Metadata-Version: 2.1
Name: proteinnpt
Version: 1.1
Summary: ProteinNPT: Improving Protein Property Prediction and Design with Non-Parametric Transformers
Home-page: https://github.com/OATML-Markslab/ProteinNPT
Author: Pascal Notin and Ruben Weitzman
License: MIT
Description-Content-Type: text/markdown
License-File: LICENSE

# ProteinNPT

This is the official code repository for the paper ["ProteinNPT: Improving Protein Property Prediction and Design with Non-Parametric Transformers"](https://www.biorxiv.org/content/10.1101/2023.12.06.570473v1)

## Overview
ProteinNPT is a semi-supervised conditional pseudo-generative model for protein property prediction and design.
It is a variant of [Non-Parametric Transformers](https://arxiv.org/abs/2106.02584) which learns a joint representation of full input batches of protein sequences and associated property labels.
It can be used to predict single or multiple protein properties, generate novel sequences via conditional sampling and support iterative protein redesign cycles via Bayesian optimization.

## Setup

### Step 1: Download the ProteinNPT data files
```
curl -o ProteinNPT_data.zip https://marks.hms.harvard.edu/ProteinNPT/ProteinNPT_data.zip
unzip ProteinNPT_data.zip && rm ProteinNPT_data.zip
```
We recommend saving this file in a location where disk space is not a concern.
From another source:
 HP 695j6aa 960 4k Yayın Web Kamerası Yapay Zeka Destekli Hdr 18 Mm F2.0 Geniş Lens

The above file will use 8.2GB when unzipped, but much more space will be needed as you download pre-trained model checkpoints (~10GB) and save sequence embeddings in subsequent steps (~1TB for all MSA Transformer embeddings).
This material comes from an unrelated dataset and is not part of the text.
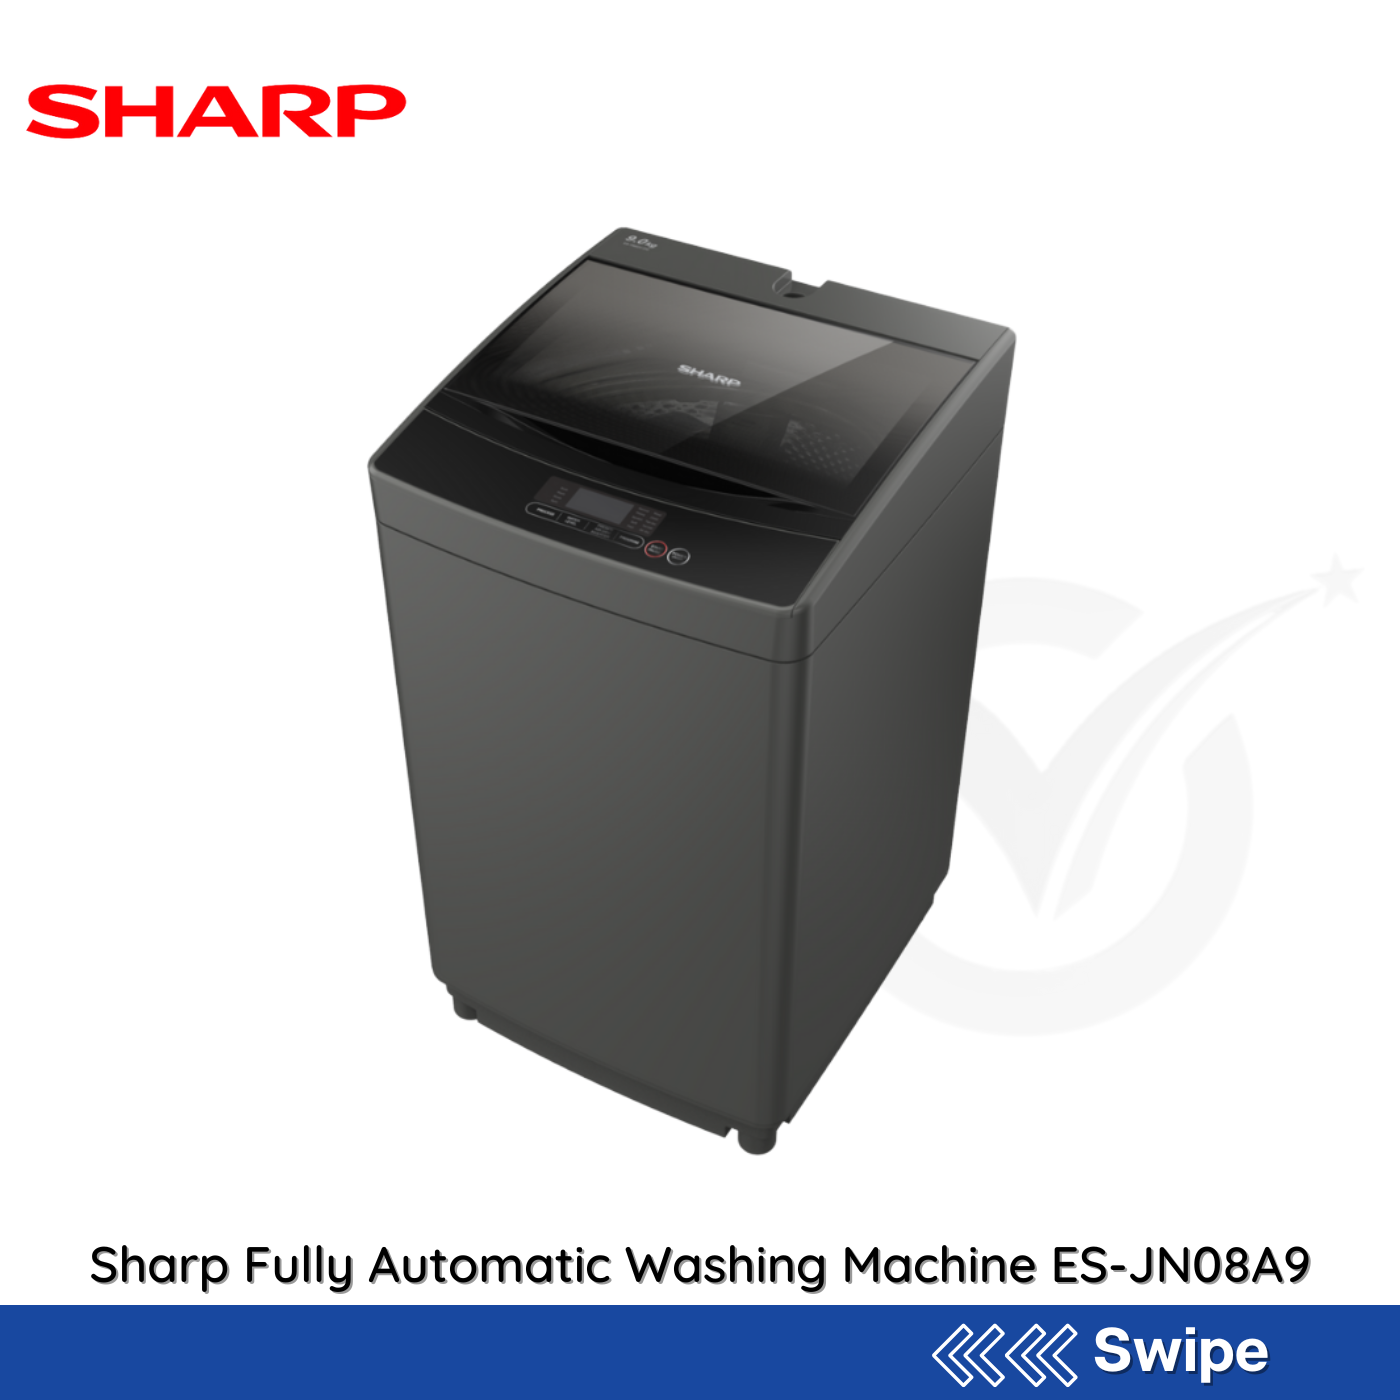 Sharp Fully Automatic Washing Machine ES-JN08A9

### Step 2: Configure environment
Edit lines 2 & 3 of the setup.sh bash script under the `scripts` folder with the location of 1) the unzipped file downloaded in step 1 (the `data_path`) and 2) your local copy of this GitHub repository (the `repo_path`).
Then run the `setup.sh` script. This will sequentially:
- Create the conda environment and setup the repository locally
- Download the model checkpoints to the relevant location in the `data_path`

### Step 3: Edit config file
Edit lines 2 & 3 of the `config.sh` bash script with the `data_path` and `repo_path` (identical to lines 2 & 3 from `setup.sh`)

## Usage

## Step 1: Extract sequence embeddings (optional)
Run `embeddings_subs.sh` (or `embeddings_indels.sh`) to create sequence embeddings with the pretrained protein language model of interest, for the desired DMS assays.
This step is optional (embeddings are computed on-the-fly otherwise) and will require sufficient disk space to save pre-computed embeddings, but it will significantly reduce run time and memory requirements during training (especially for ProteinNPT).
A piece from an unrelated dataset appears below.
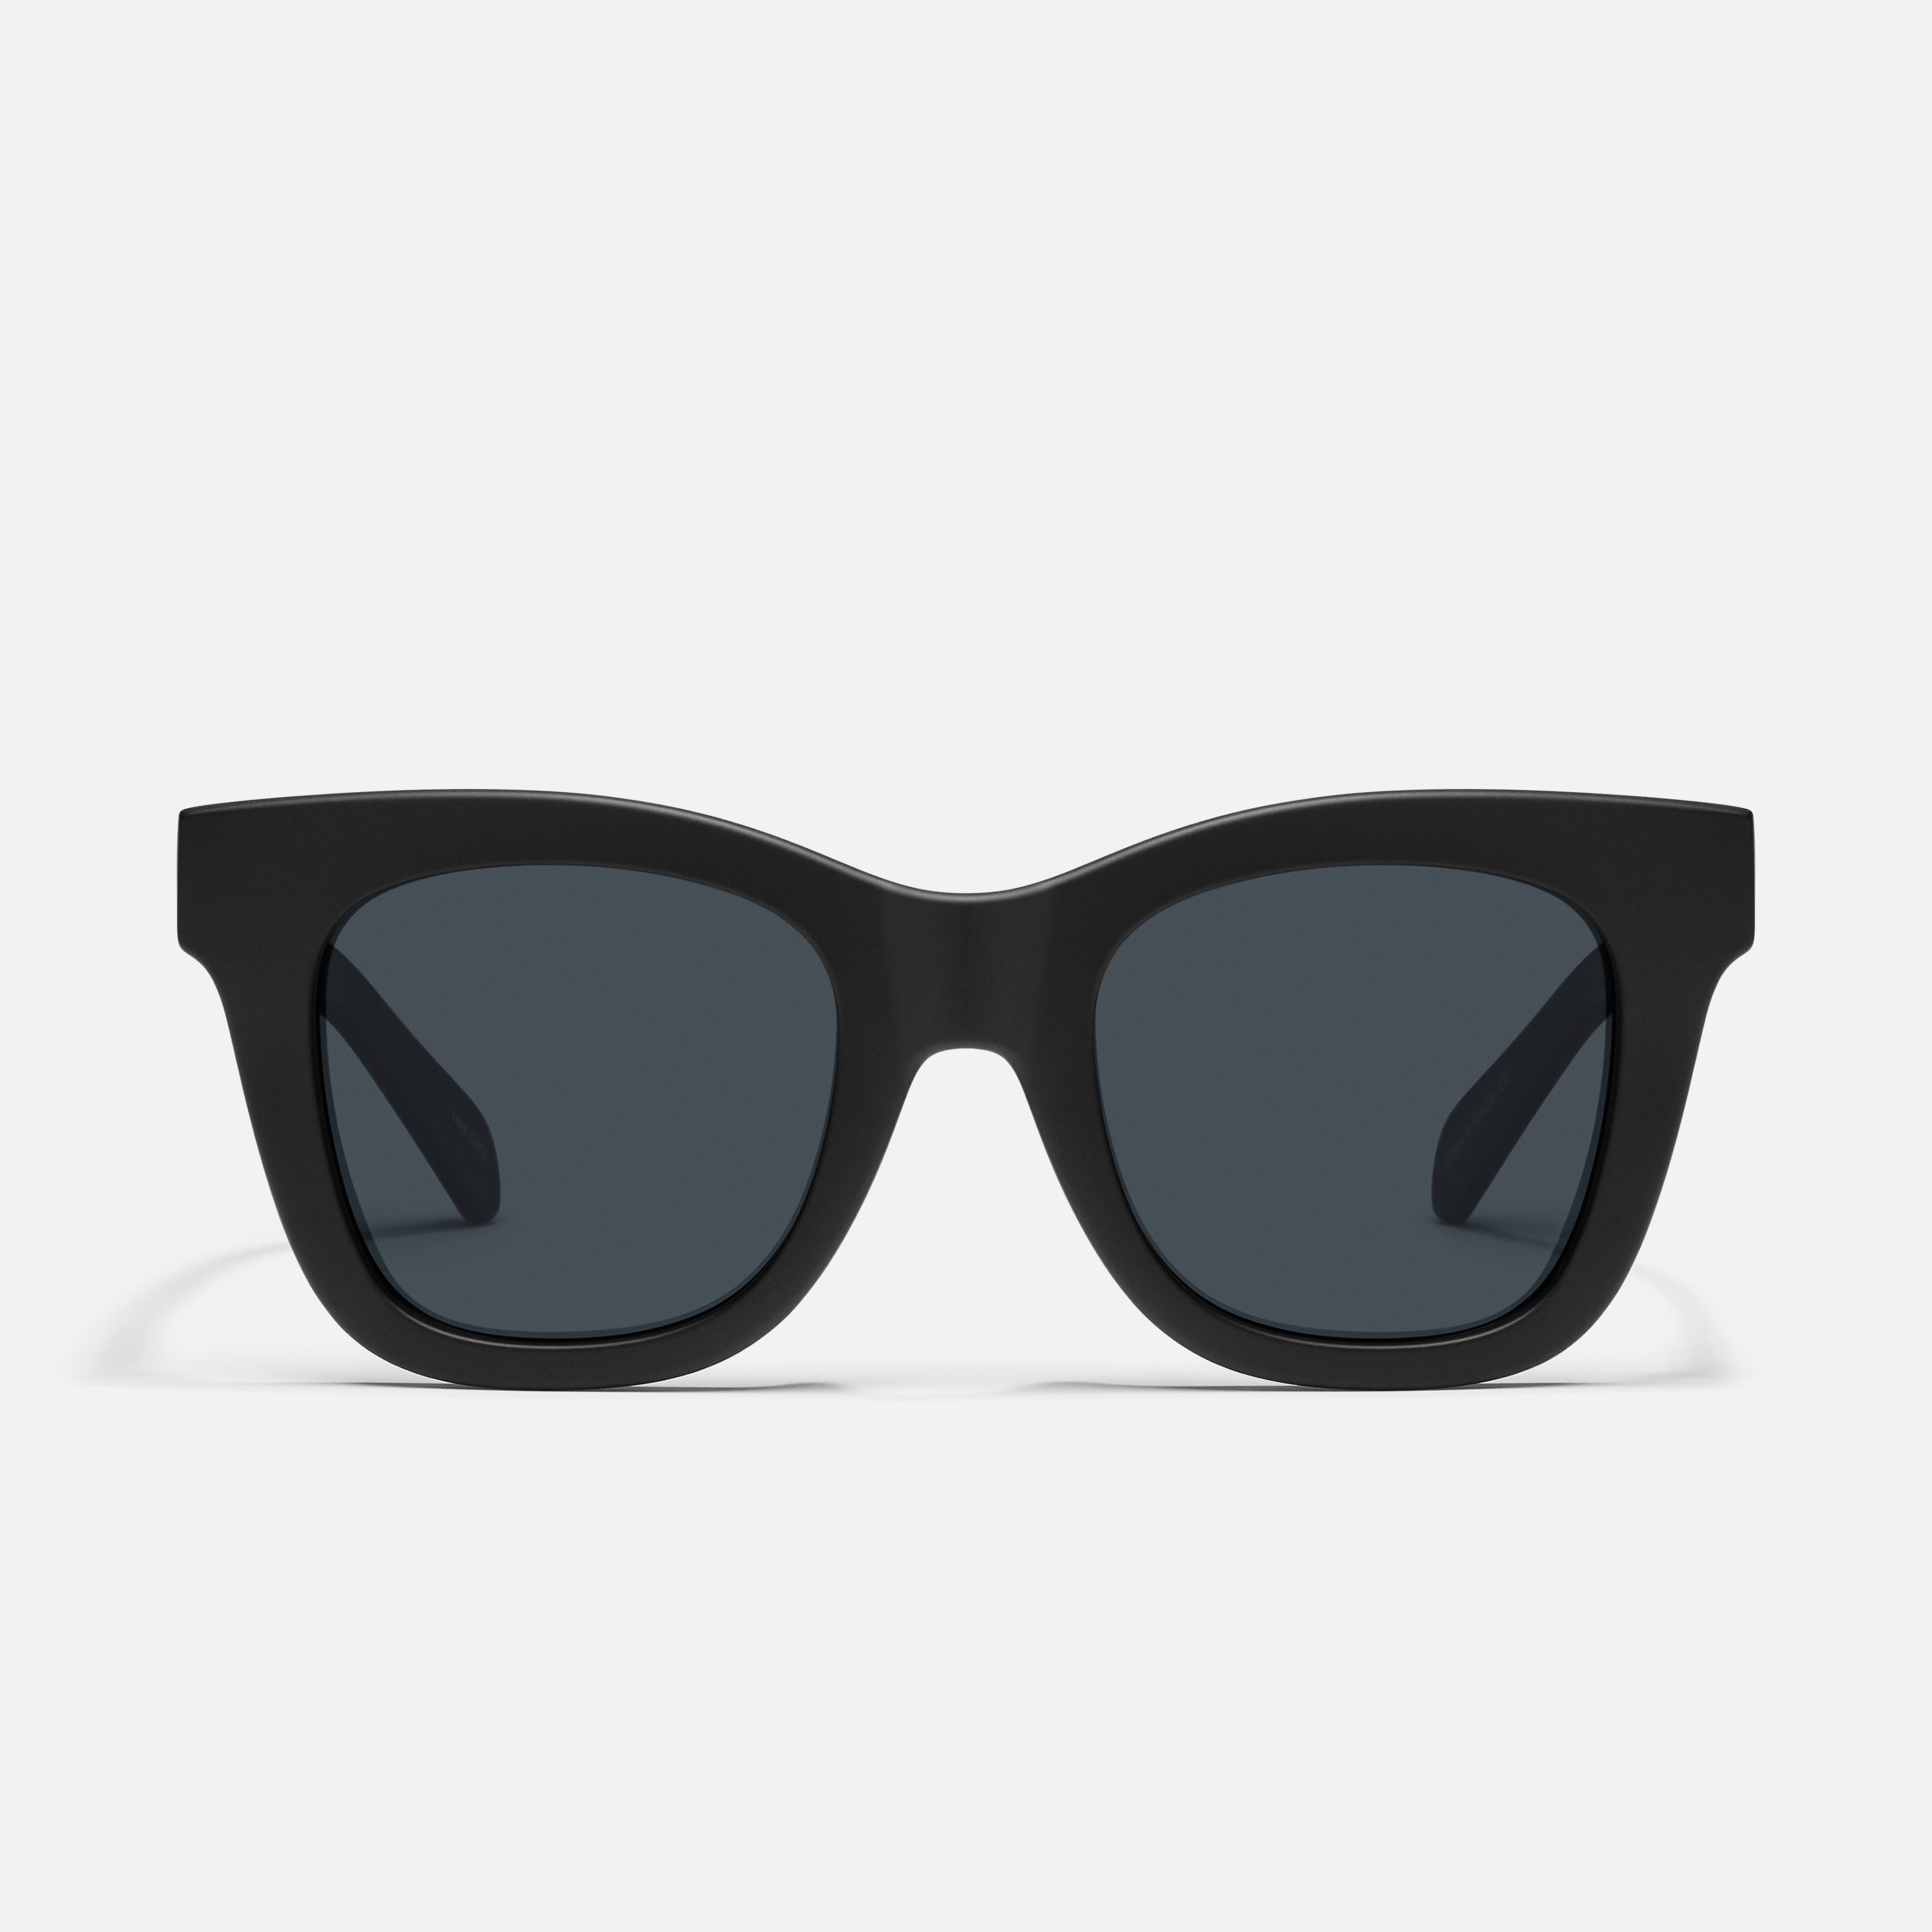 All Men's and Women's Sunglasses – Quay

## Step 2: Compute zero-shot fitness predictions (optional)
Run `zero_shot_fitness_subs.sh` (or `zero_shot_fitness_indels.sh`) to compute zero-shot fitness predictions with the relevant pretrained protein models. 

Adjust the following variables as needed:
- `assay_index` (index of desired DMS assay in the ProteinGym reference_file under `utils/proteingym`)
- `model_type` (name of the pre-trained model with which to compute embeddings)
- `model_location` (location of the pre-trained model embeddings -- you may use the relevant variables defined in `config.sh` for convenience)

Note that:
1. We provide all zero-shot predictions for ProteinGym DMS assays in `ProteinNPT_data.zip` and thus you do not need to recompute these if interested in these same assays
2. We have found that leveraging zero-shot fitness predictions as additional covariate or auxiliary label generally helps performance, especially when extrapolating to positions not seen during training. However, these zero-shot predictions are not strictly required for ProteinNPT or the various baselines to run, and may be less relevant for predicting properties that differ from fitness.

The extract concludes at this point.